ParallelRegionWidening - This is an early pass that tries to combine
consecutive parallel regions. Non-parallel "in between" regions can be
converted into serialized blocks. This can be done so long as any
reductions can be delayed until the end of the last region, and any
converted serial regions do not have external function calls or inline
assembly regions (both of which could be sensitive to the real number
of active threads). This not only reduces thread-startup overhead, but
will also allow other optimizations, such as loop fusion.
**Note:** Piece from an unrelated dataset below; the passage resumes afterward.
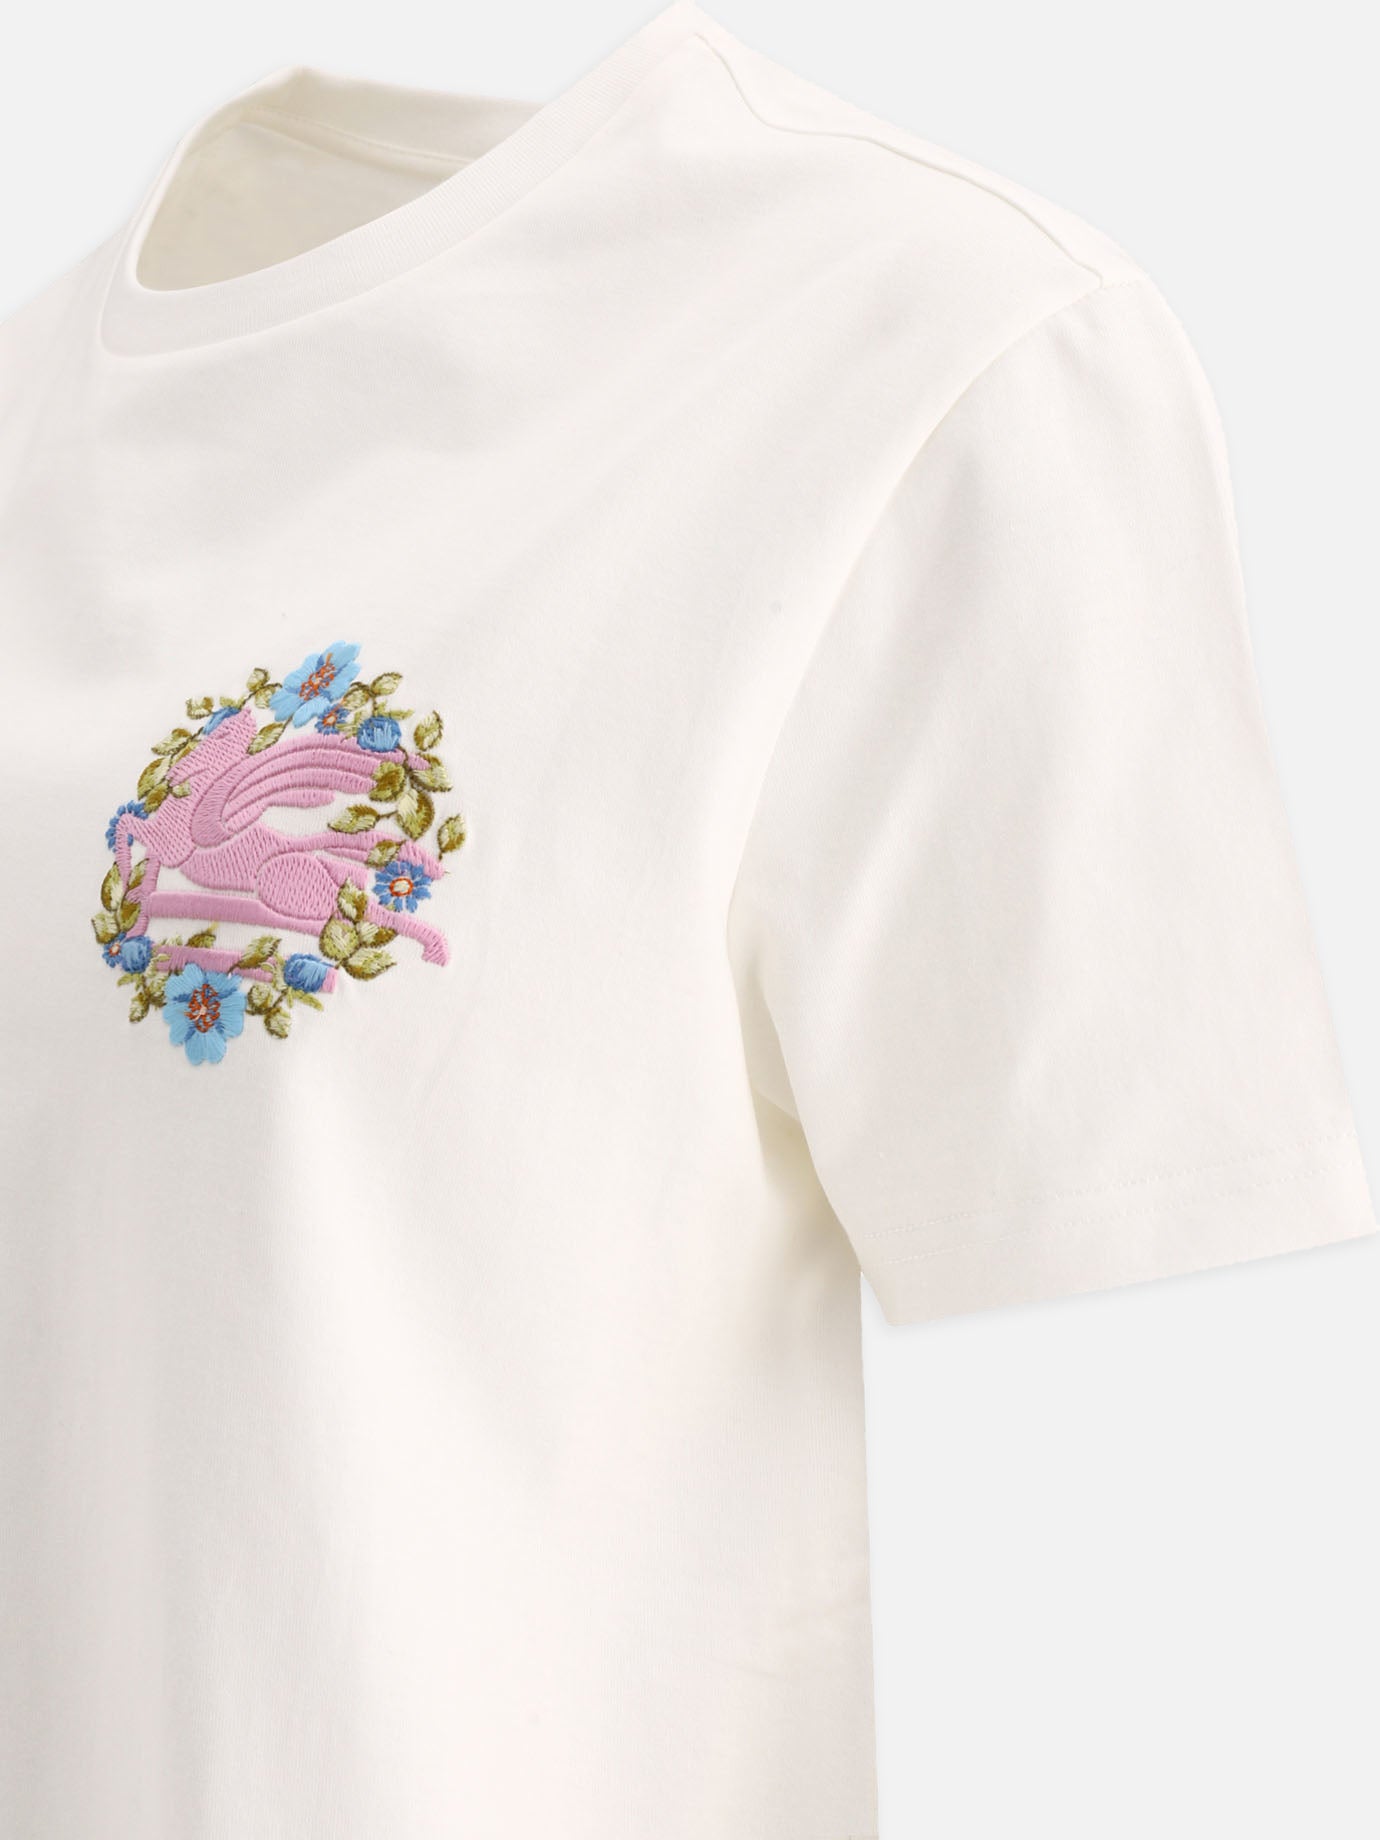 T-shirt with embroidery

-- Late Passes (Lowering) --

The parallelization lowering will be done by IR level passes in CodeGen
prior to SelectionDAG conversion. Currently, this means after
loop-strength reduction. Like loop-strength reduction, these IR level
passes will get a TLI object pointer and will have target-specific
override capabilities.

ParallelizationCleanup - This pass will be scheduled prior to the other
parallelization lowering passes (and anywhere else we decide). Its job
is to remove parallelization metadata that had been rendered
inconsistent by earlier optimization passes. When a parallelization
region is removed, any parallelization intrinsics that can be removed
are then also removed.

ParallelizationLowering - This pass will actual lower paralleliztion
constructs into a combination of runtime-library calls and, optionally,
target-specific intrinsics. I think that an initial generic
implementation will target libgomp.

* I would like to see support for OpenMP 3.1 [1] plus an extension for
  user-defined-reductions (UDRs) [2]. 

[1] OpenMP Specification 3.1. July, 2011.
    http://www.openmp.org/mp-documents/OpenMP3.1.pdf

[2] A. Duran, et al. "A proposal for User-Defined Reductions in
OpenMP". IWOMP, 2010.
http://www.ccs.tsukuba.ac.jp/workshop/IWOMP2010/slides/Alex-udrs.pdf

Thanks again,
Hal

-- 
Hal Finkel
Postdoctoral Appointee
Leadership Computing Facility
Argonne National Laboratory